Dolore cronico e epigenetica

Il dolore cronico è caratterizzato da ipersensibilità nocicettiva persistente [1, 2], sperimentata dai pazienti come una marcata riduzione delle soglie necessarie per indurre il dolore, tale che stimoli innocui causano dolore (allodinia) e un’amplificazione delle risposte a stimoli nocivi nel sito di lesione (iperalgesia primaria) e nei tessuti circostanti (iperalgesia secondaria) [3].
Il dolore cronico è spesso il risultato di un danno ai tessuti periferici e di un’infiammazione persistente (dolore infiammatorio) o di adattamenti patologici nel sistema nervoso periferico o centrale (dolore neuropatico).
Negli Stati Uniti, il numero di adulti con dolore cronico è stimato in 100 milioni, con un costo annuo economico fino a $ 635 miliardi [4]
L’inefficacia delle attuali strategie terapeutiche è almeno in parte dovuta a una comprensione incompleta dei meccanismi coinvolti nelle condizioni di dolore cronico. Lo sviluppo e il mantenimento del dolore cronico comportano cambiamenti a lungo termine in diverse aree del sistema nervoso centrale (SNC), che sono caratterizzate da adattamenti a livello cellulare e molecolare. Un valore importante è dato al coinvolgimento dei meccanismi epigenetici nel sistema nervoso centrale in condizioni di dolore cronico [5].
Le modificazioni epigenetiche possono, a seconda del tipo, incrementare o sopprimere la trascrizione, attraverso una varietà di pathway: la metilazione del DNA, le modificazioni degli istoni e i microRNA (miRNAs) [6].
Il dolore cronico inoltre è modulato da un complesso mix di fattori biologici, psicologici e sociali. A livello molecolare, centinaia di geni si esprimono in modo differenziato in condizioni di dolore cronico [7, 8, 9, 10].

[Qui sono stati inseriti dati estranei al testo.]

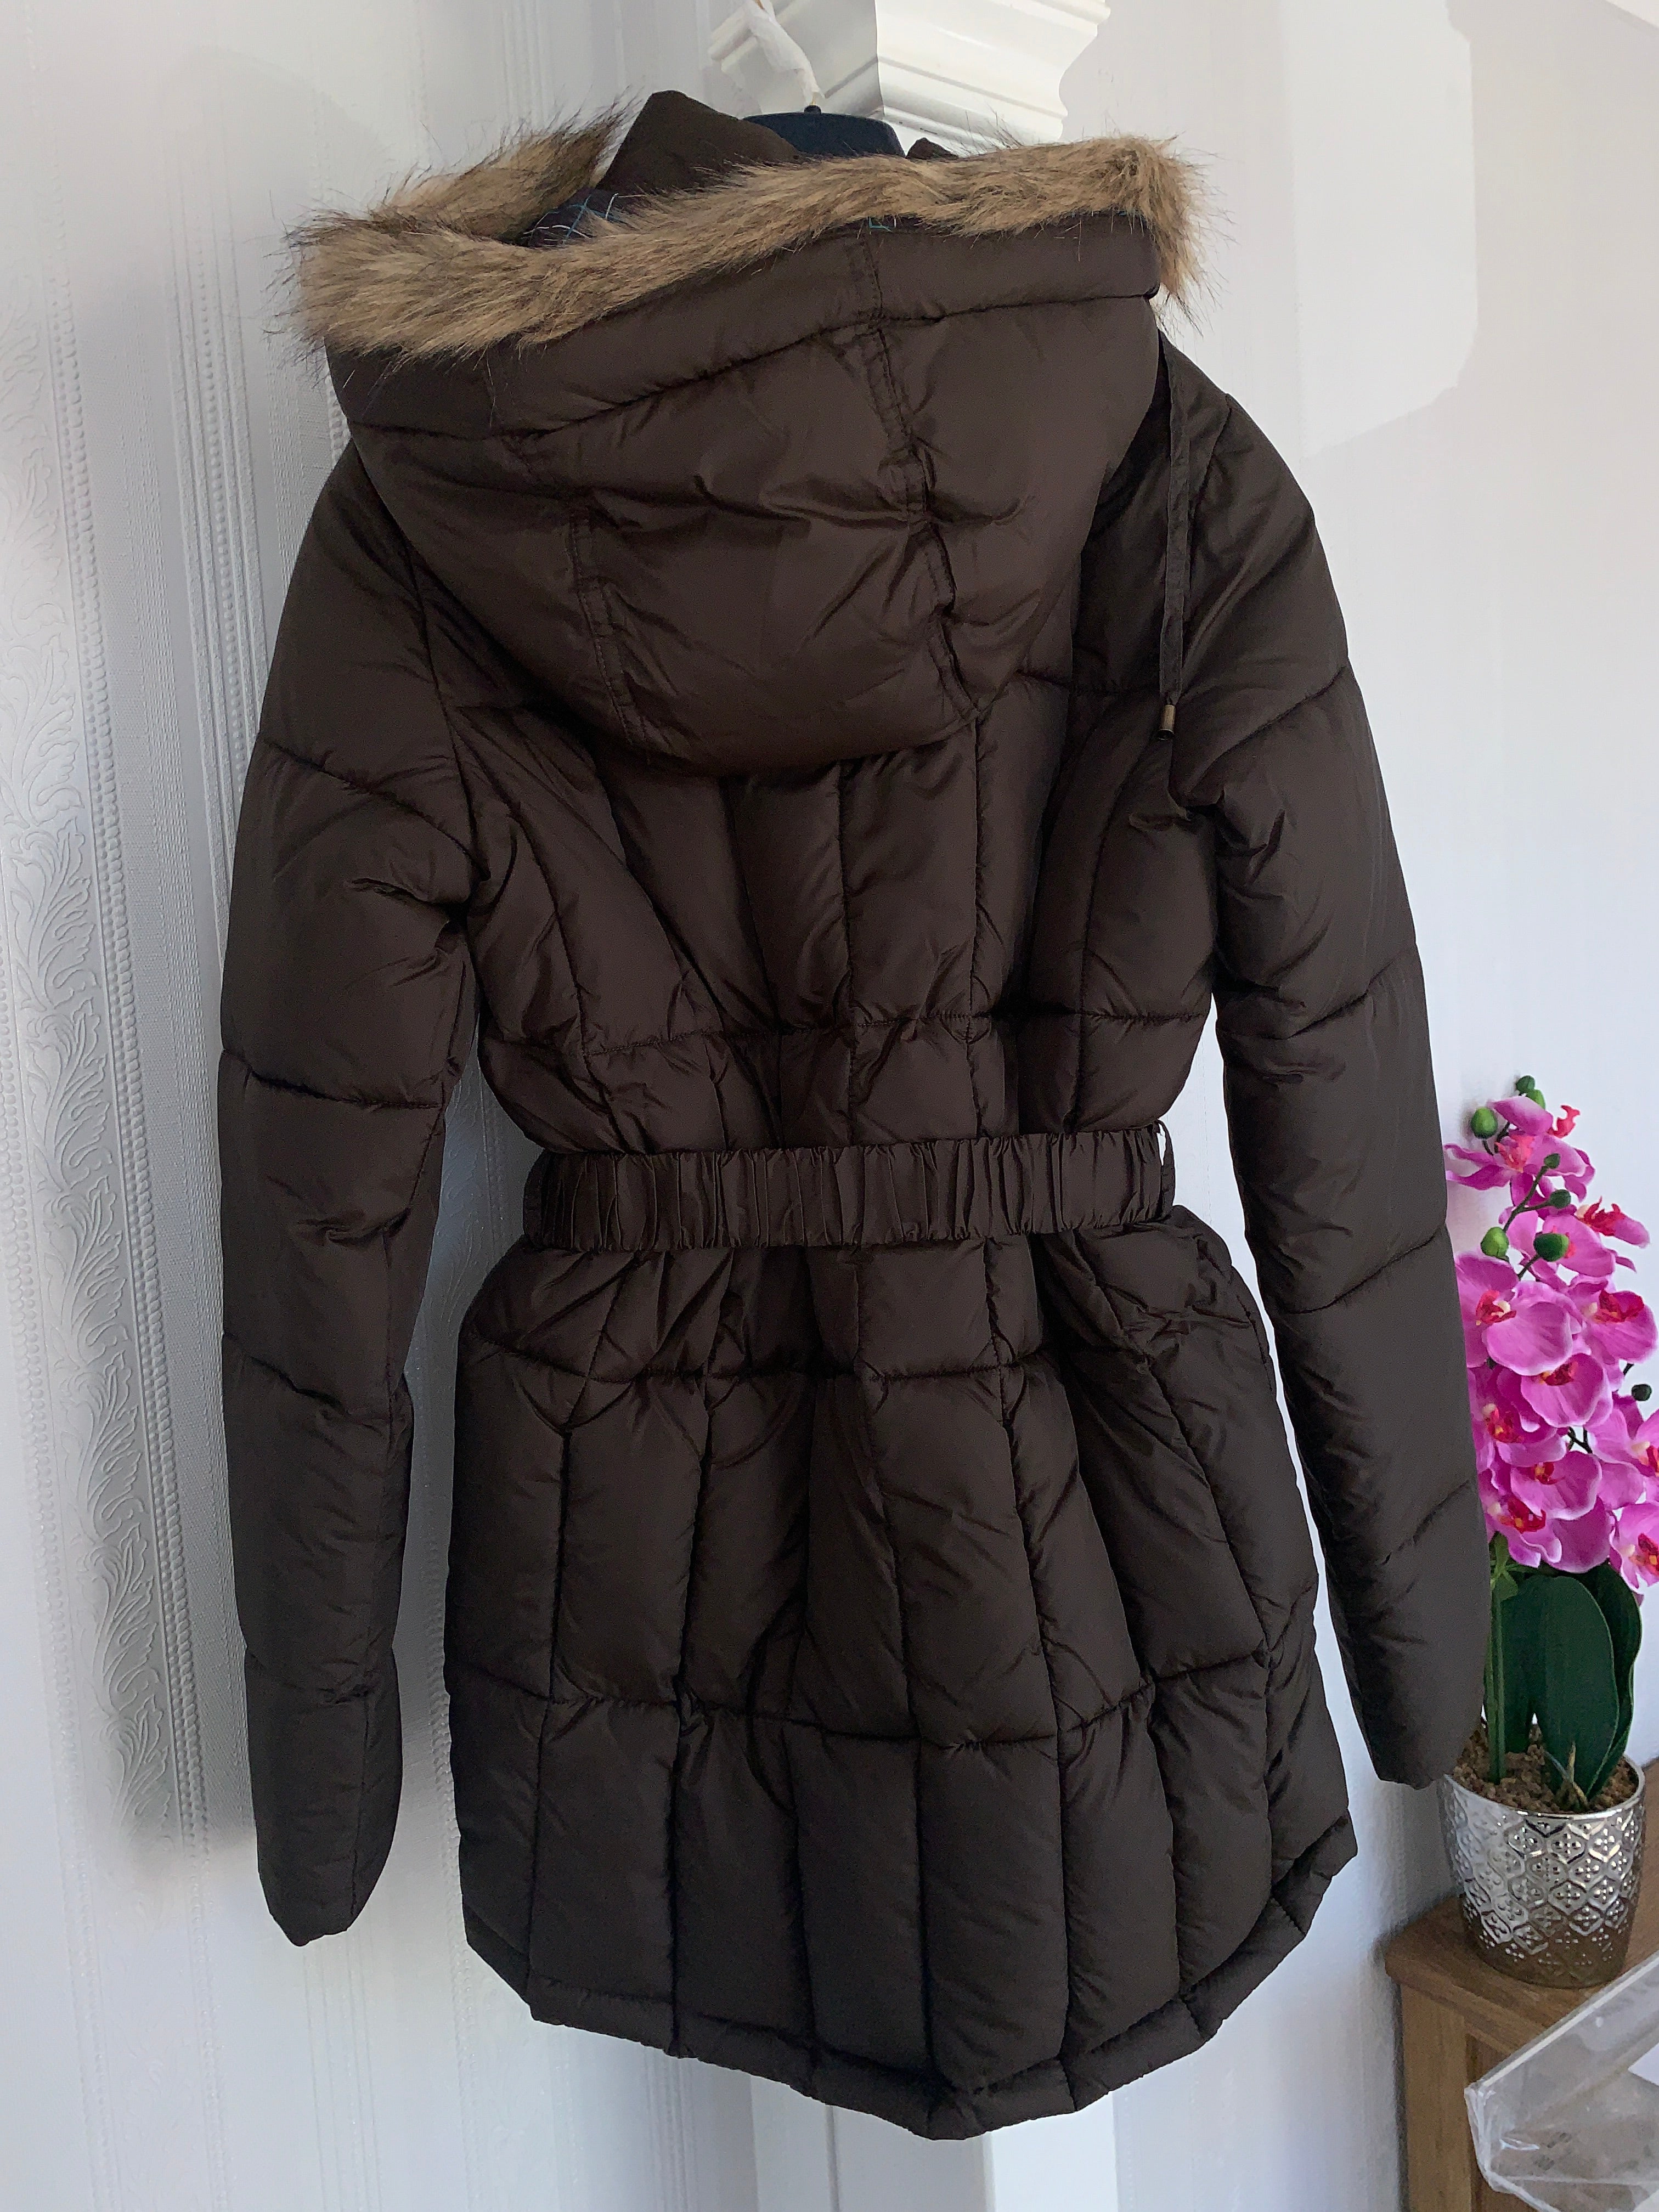 Puffa Mid Length Warm Winter Jacket - Size 8 - Rrp £120

Comprendere il dolore cronico è ulteriormente complicato dal suo sviluppo nel tempo da stato di dolore acuto a cronico con reclutamento tempo-dipendente di meccanismi e percorsi che mediano questa transizione [11, 12]. Una migliore comprensione della disregolazione genica patologica dal dolore acuto a quello cronico è disperatamente necessaria per prevenire lo sviluppo di dolore prolungato e intrattabile [13].
I meccanismi epigenetici consentono la regolazione genica reversibile senza modifica delle sequenze di DNA. La metilazione del DNA è un regolatore epigenetico dell’espressione genica in cui un gruppo metilico viene aggiunto ai nucleotidi del DNA della citosina [13]. Quando la metilazione si verifica nelle regioni del promotore genico, il gene viene tipicamente represso attraverso l’impedimento del legame del fattore di trascrizione, il reclutamento delle proteine di legame al metile e il rimodellamento della cromatina, prevenendo infine la trascrizione mediata dall’RNA polimerasi [14].

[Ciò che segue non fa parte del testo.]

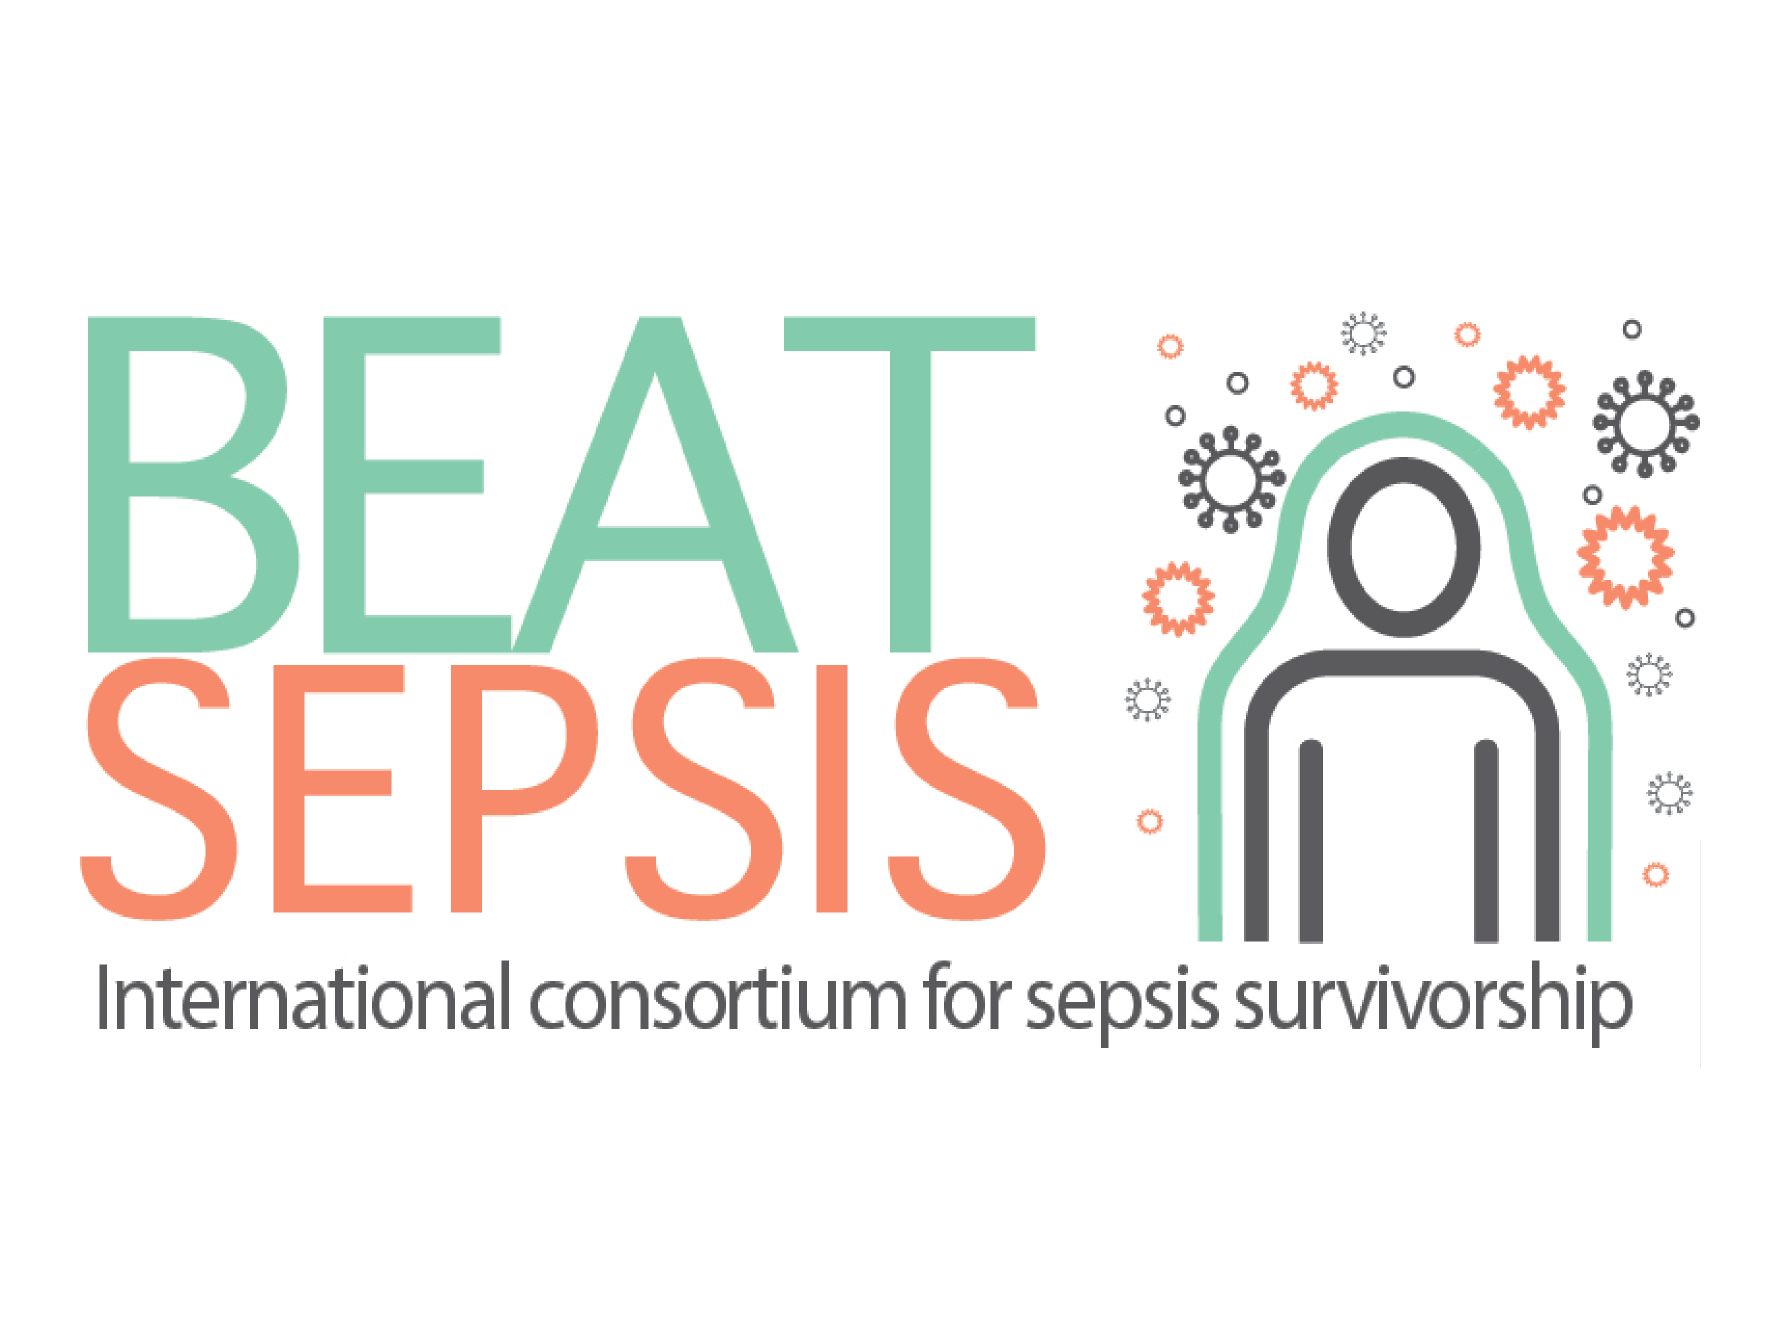 BEAT SEPSIS - The International Consortium for Sepsis Survivorship

La metilazione del DNA è un meccanismo stabile ma malleabile per regolare l’espressione genica. È sensibile all’ambiente, con i profili di metilazione che cambiano in risposta alla dipendenza, allo stress specie in giovane età e alle malattie neurodegenerative [15, 16].
Il dolore cronico è anche associato a cambiamenti nella metilazione del DNA in entrambi i modelli umani e animali attraverso molti tessuti tra cui la corteccia prefrontale (PFC), i gangli della radice dorsale e il midollo spinale [17, 18]. La metilazione della regione promotore del DNA su specifici geni può essere collegata al grado di ipersensibilità meccanica [10] e il trattamento cronico con donatore di metile S-adenosilmetionina ha aumentato la metilazione globale del DNA nel PFC e ha attenuato l’ipersensibilità meccanica [19].

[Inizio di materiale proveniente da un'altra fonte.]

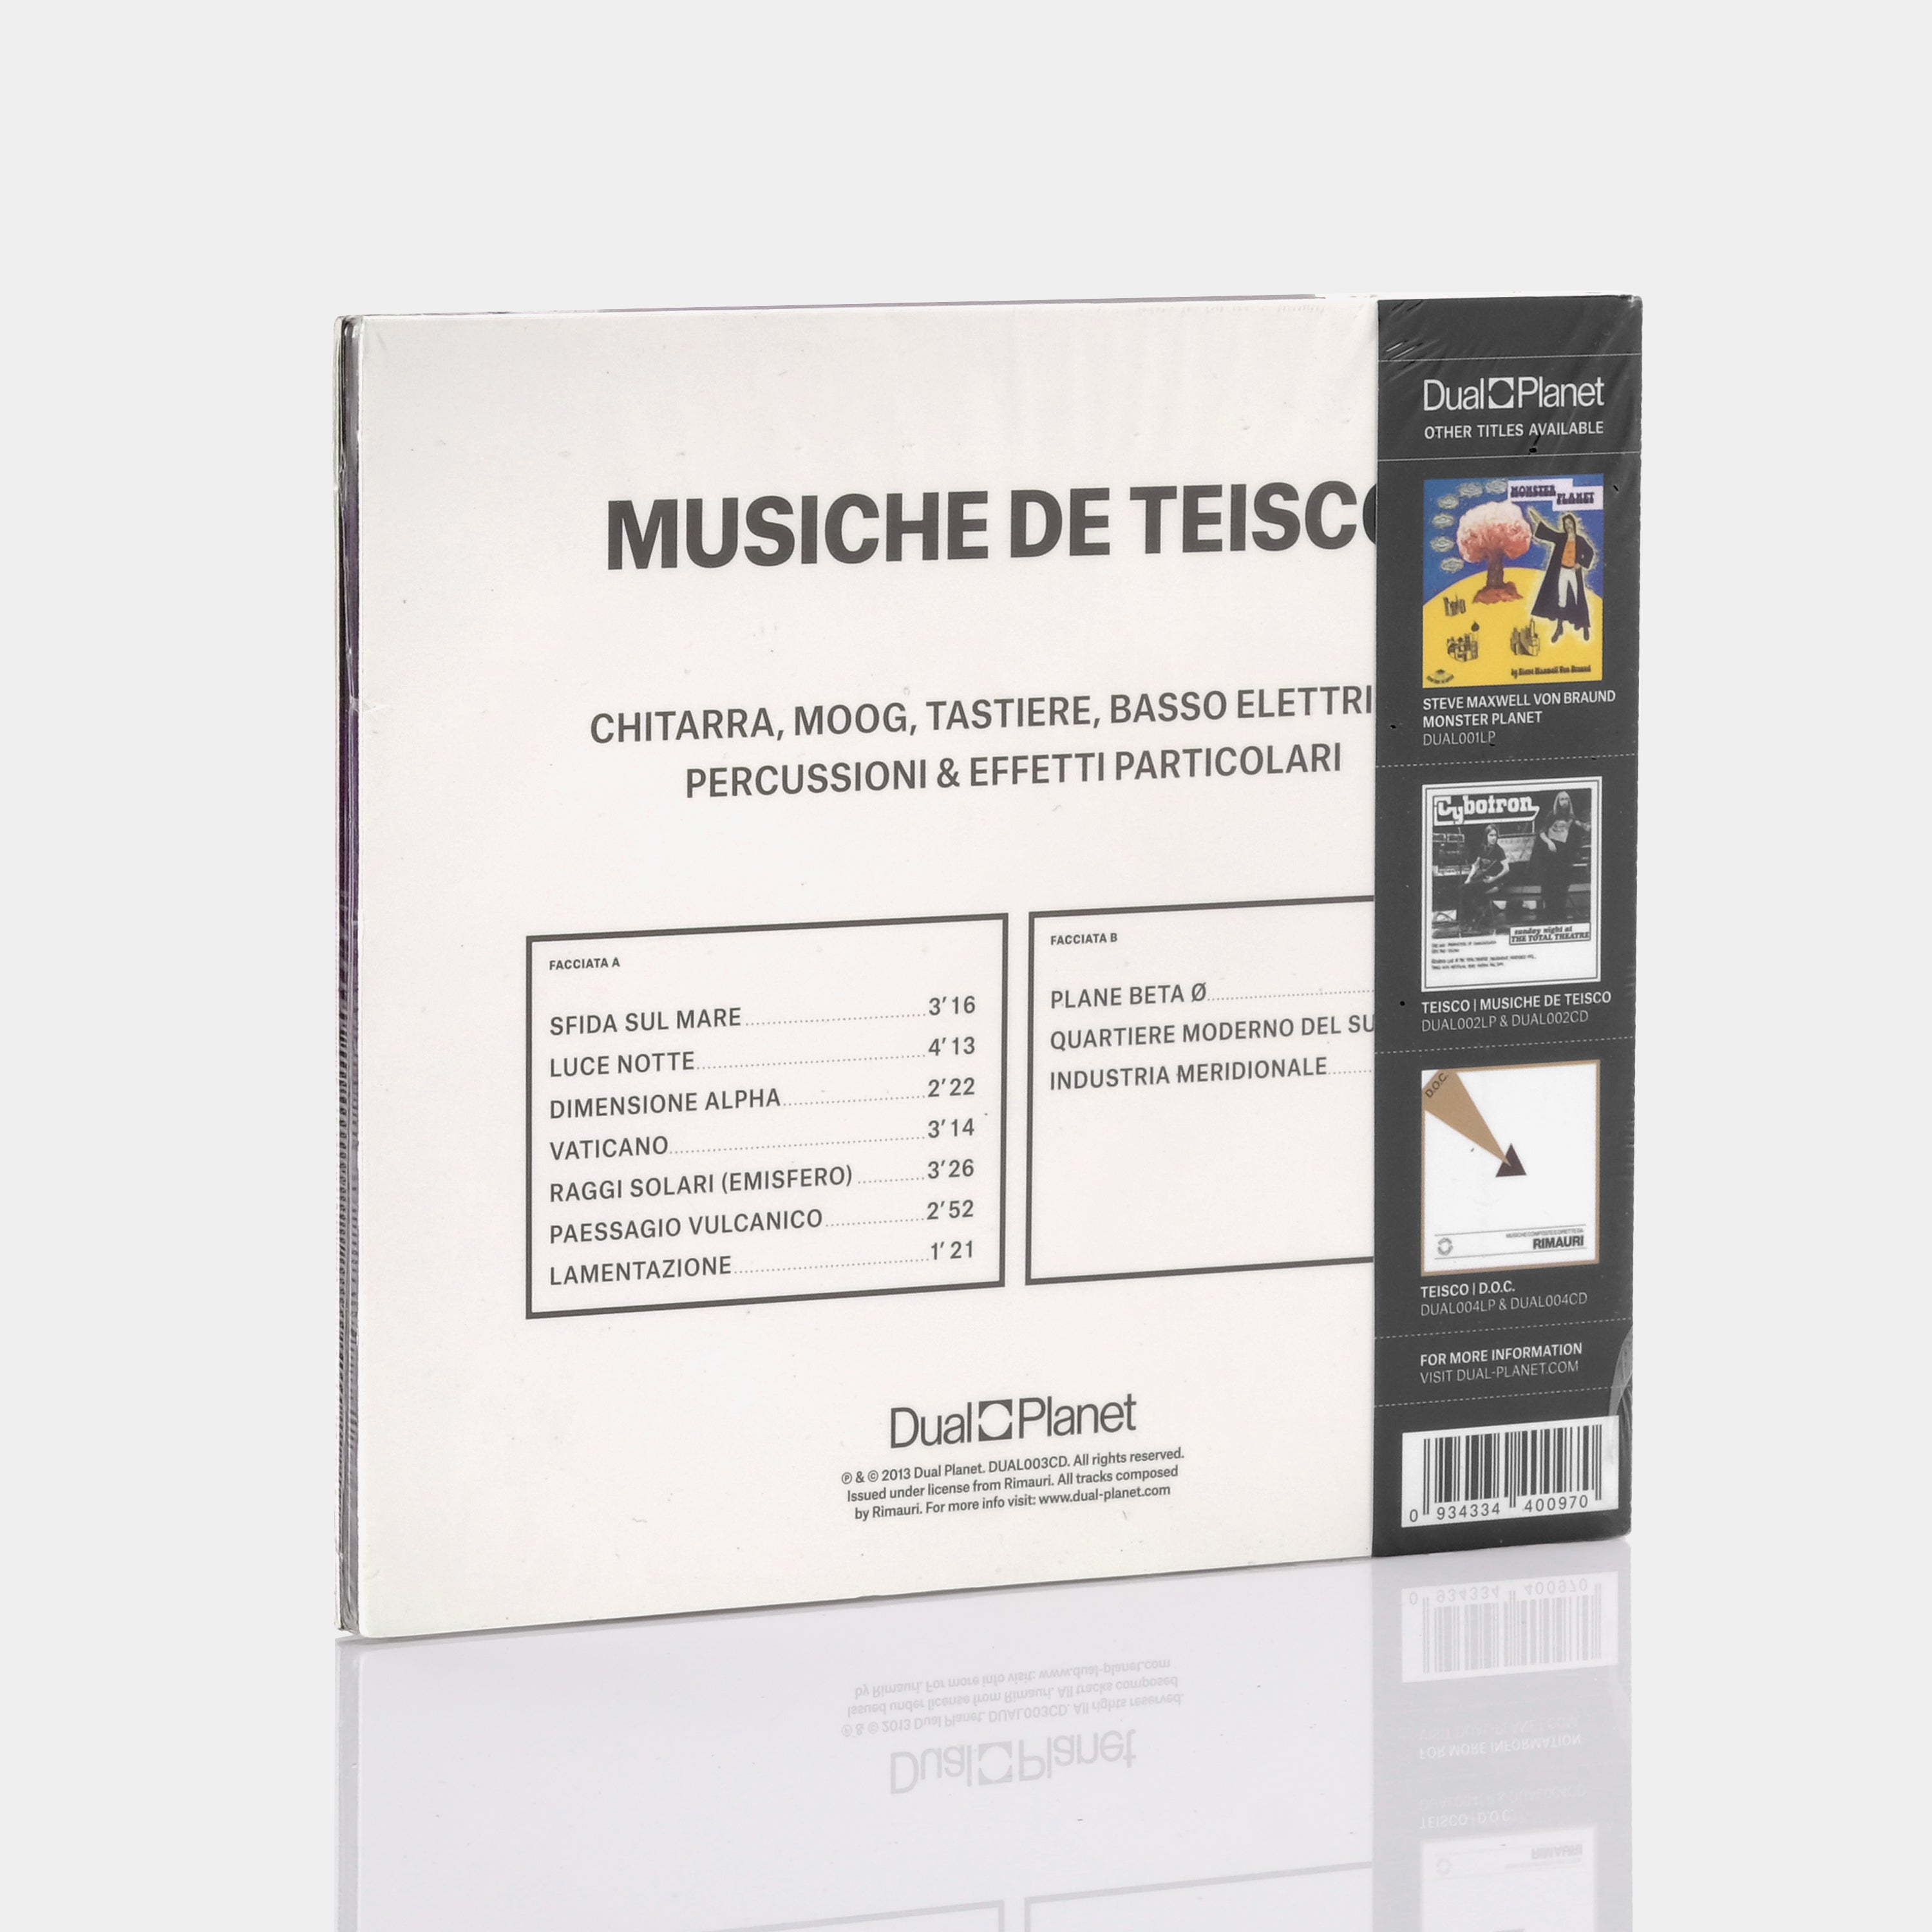 Teisco - Musiche De Teisco CD

Tra le strutture coinvolte nel dolore cronico, la corteccia prefrontale (PFC) è cruciale come integratore di informazioni sensoriali ascendenti, risposte cognitive ed emotive e controllo inibitorio discendente [20, 21, 22]. Nei pazienti umani e nei soggetti animali, il dolore a lungo termine provoca una riorganizzazione funzionale e anatomica persistente della PFC [23, 24], con pazienti che mostrano più attivazione PFC rispetto ai controlli sani [25, 26].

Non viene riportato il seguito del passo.